___ Dataset records ___

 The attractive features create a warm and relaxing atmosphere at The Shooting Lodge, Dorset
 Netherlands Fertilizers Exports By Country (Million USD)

___
___ Dataset records ___

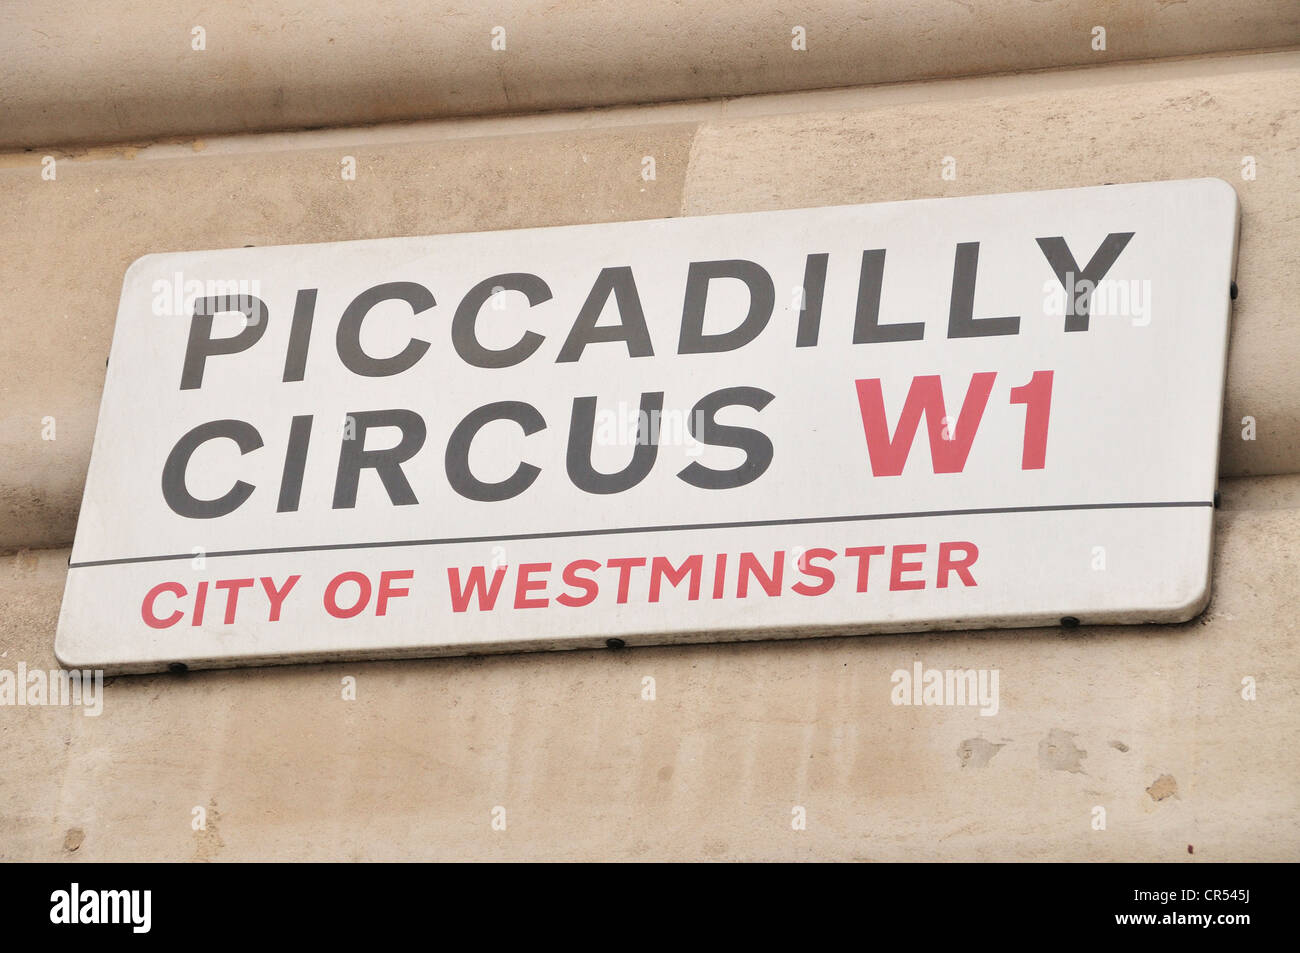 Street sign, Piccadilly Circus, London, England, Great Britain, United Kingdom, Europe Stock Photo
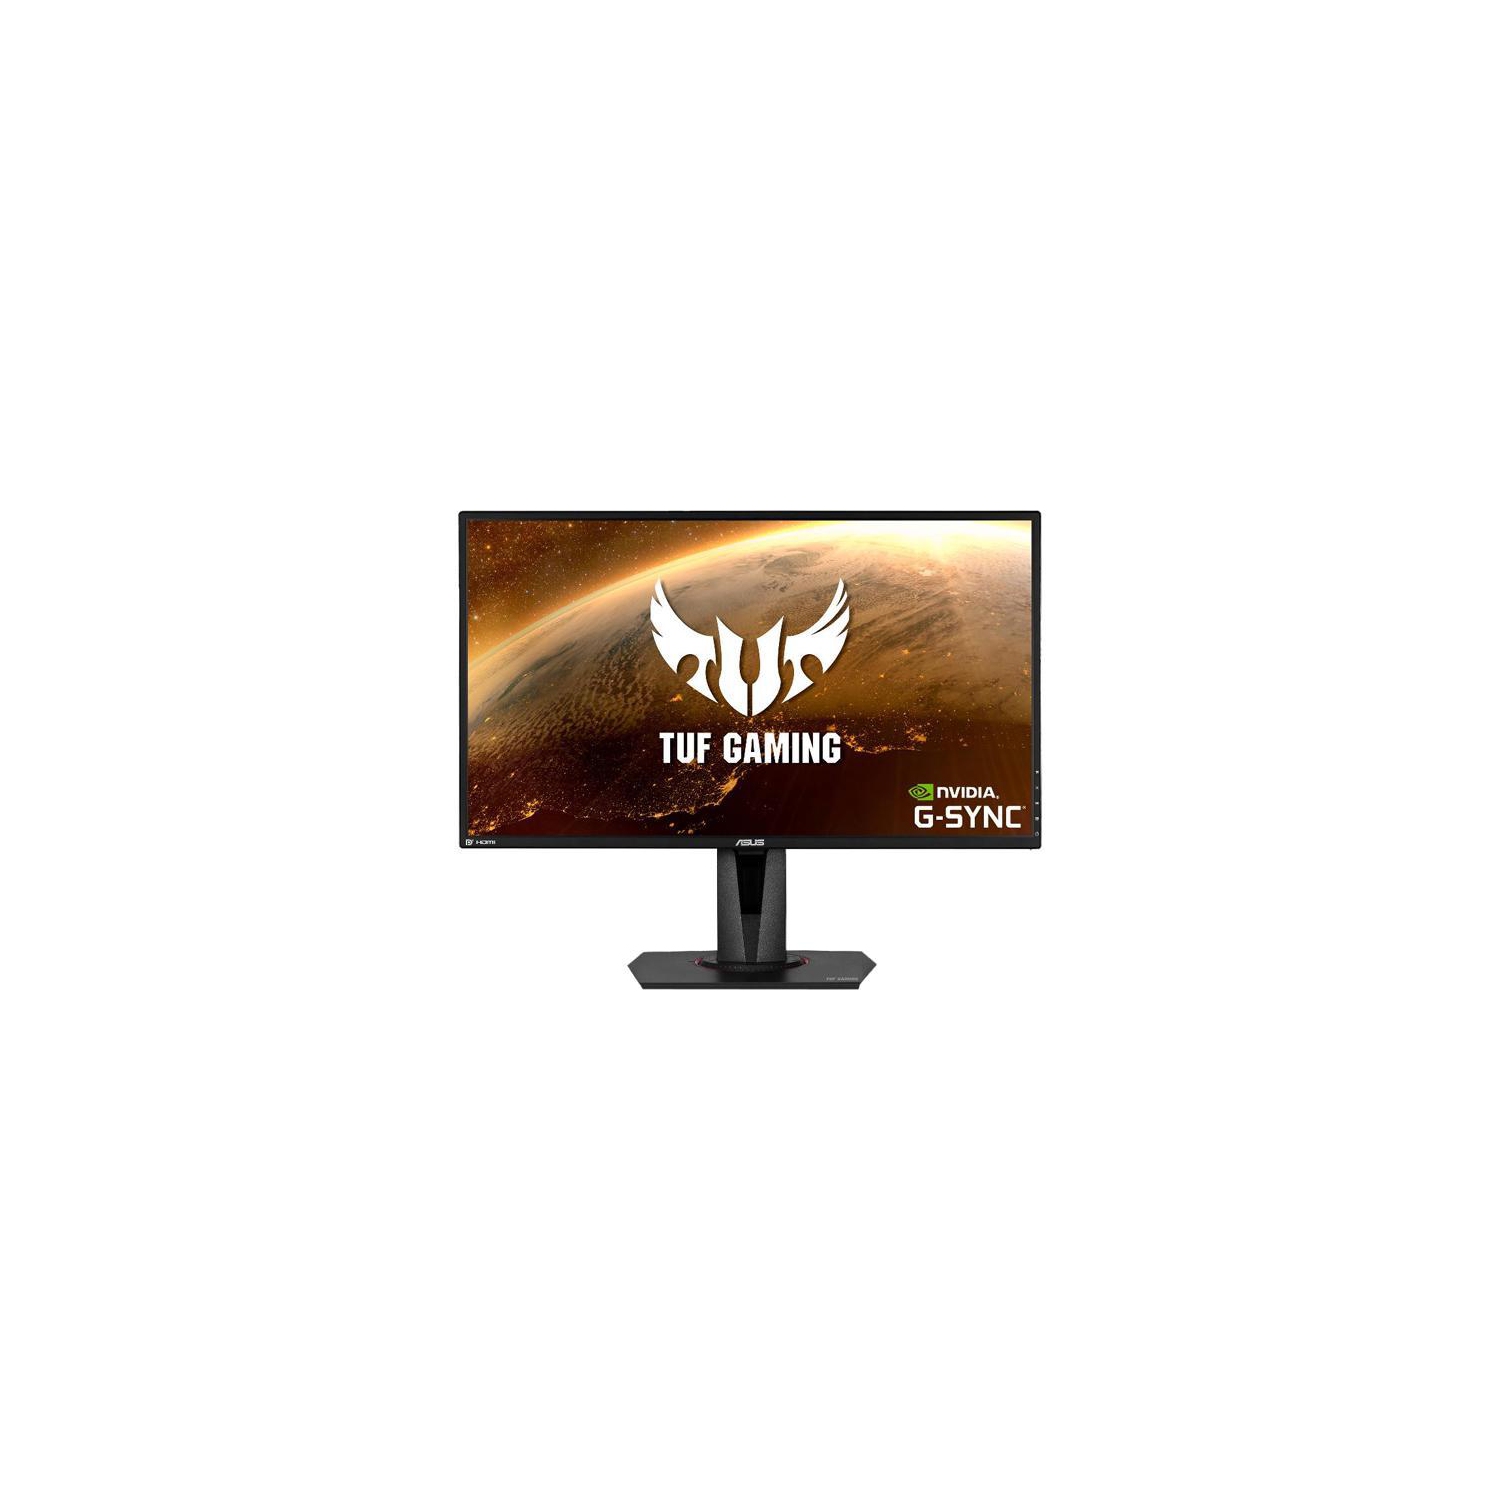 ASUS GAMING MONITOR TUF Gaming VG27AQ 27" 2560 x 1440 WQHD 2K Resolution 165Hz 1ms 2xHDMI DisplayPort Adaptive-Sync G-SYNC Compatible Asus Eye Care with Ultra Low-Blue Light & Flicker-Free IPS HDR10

___
___ Dataset records ___

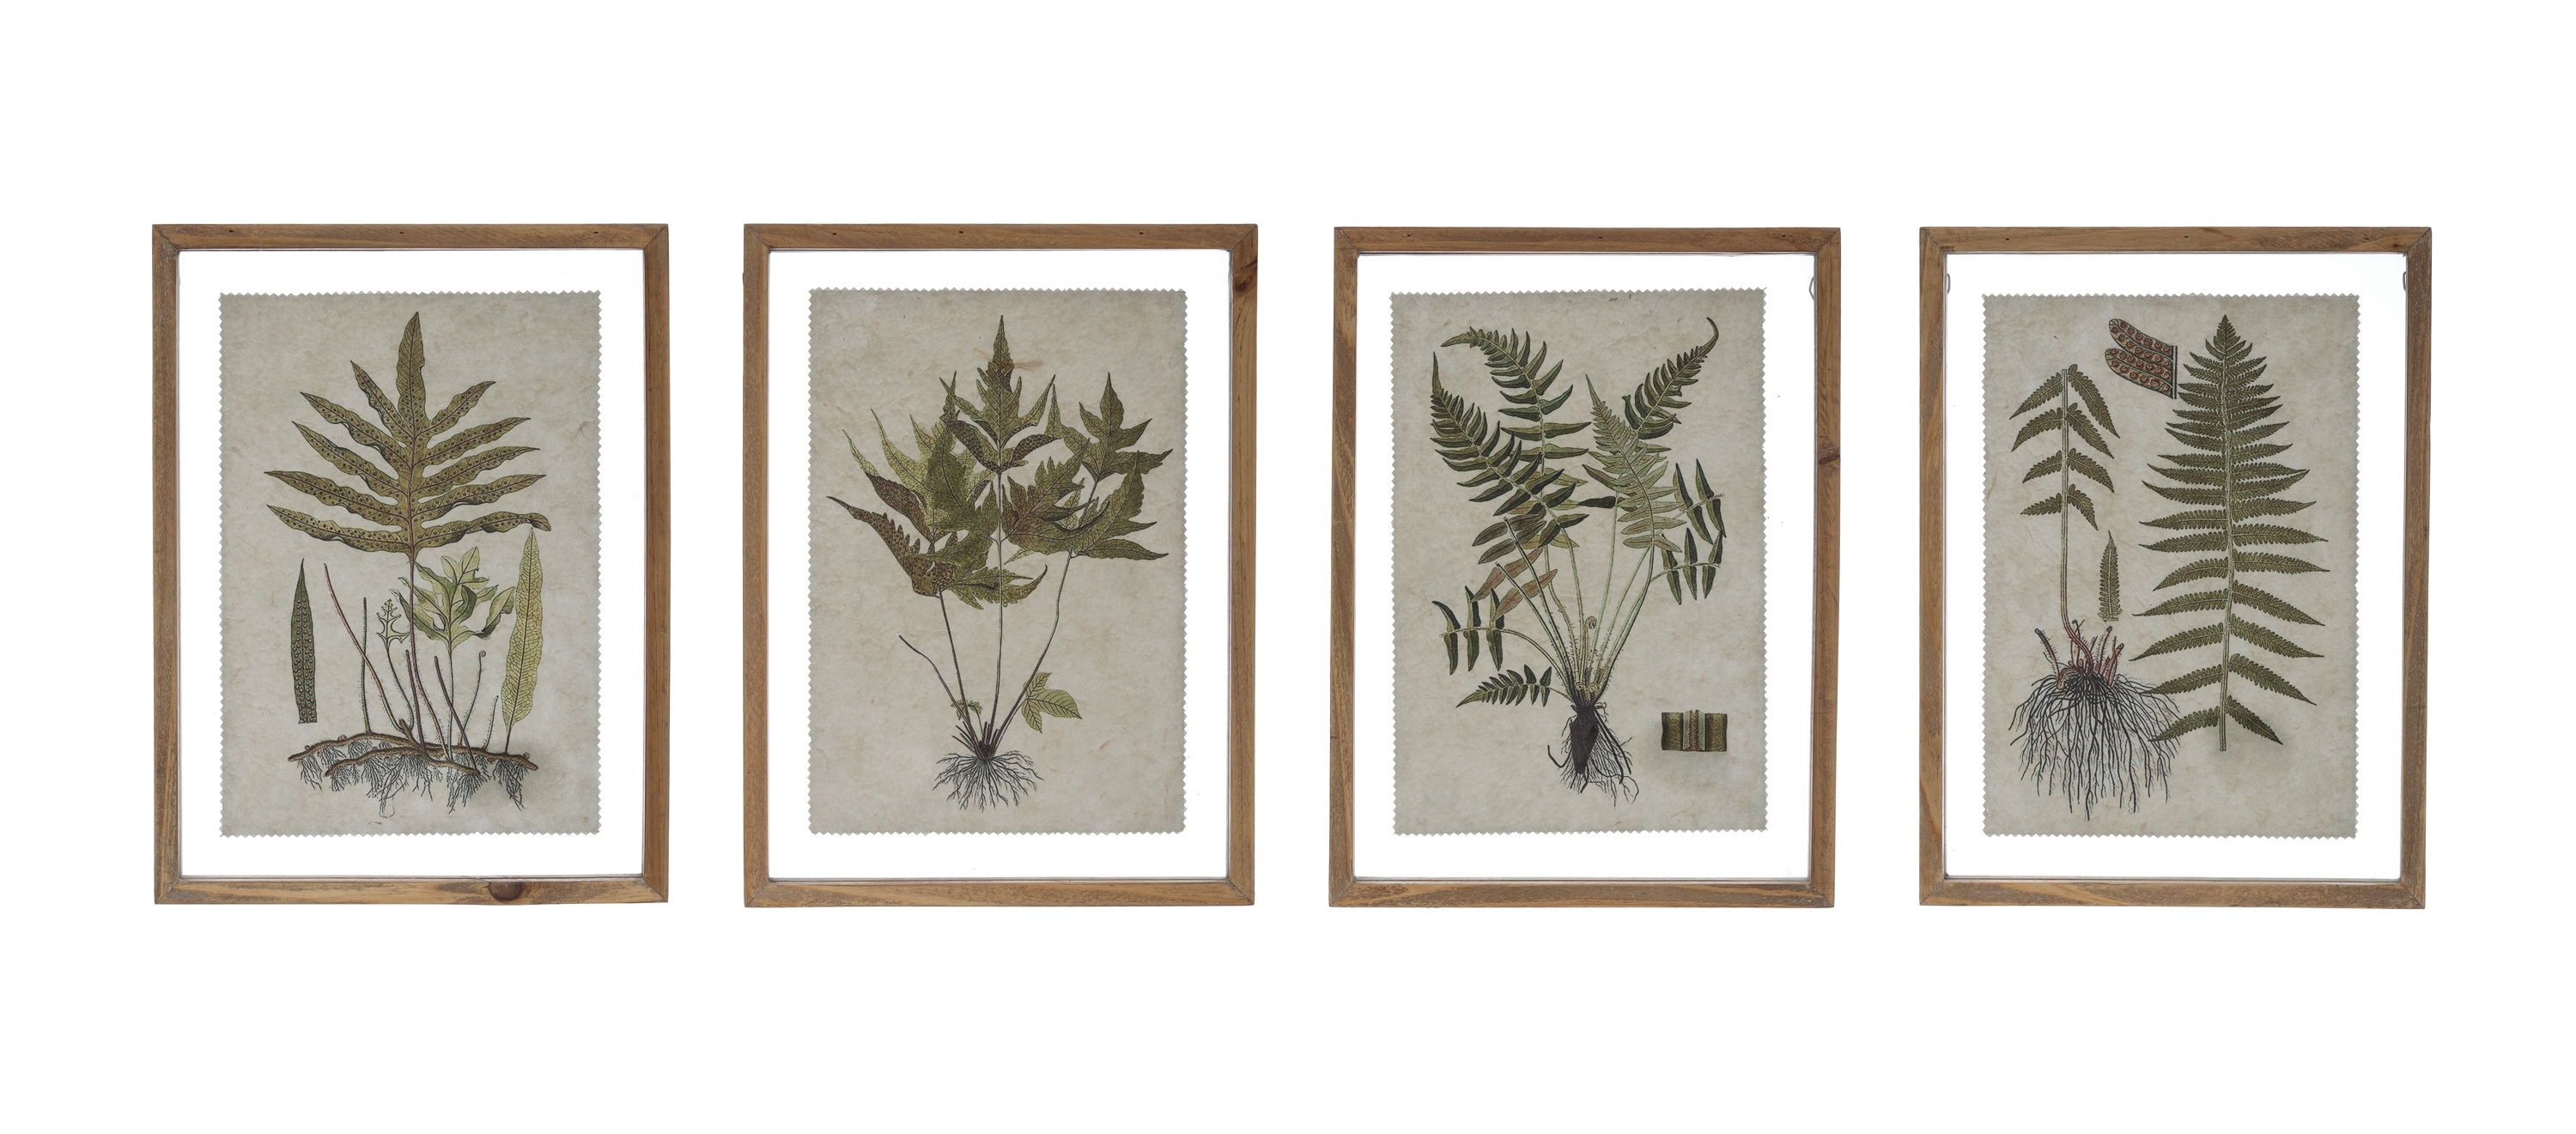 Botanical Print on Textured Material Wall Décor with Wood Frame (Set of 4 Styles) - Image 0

___

# Work request:
Retype the entries above exactly, but only from the line containing "The attractive features" through the line containing "Netherlands Fertilizers Exports", both included.

# Result:
 The attractive features create a warm and relaxing atmosphere at The Shooting Lodge, Dorset
 Netherlands Fertilizers Exports By Country (Million USD)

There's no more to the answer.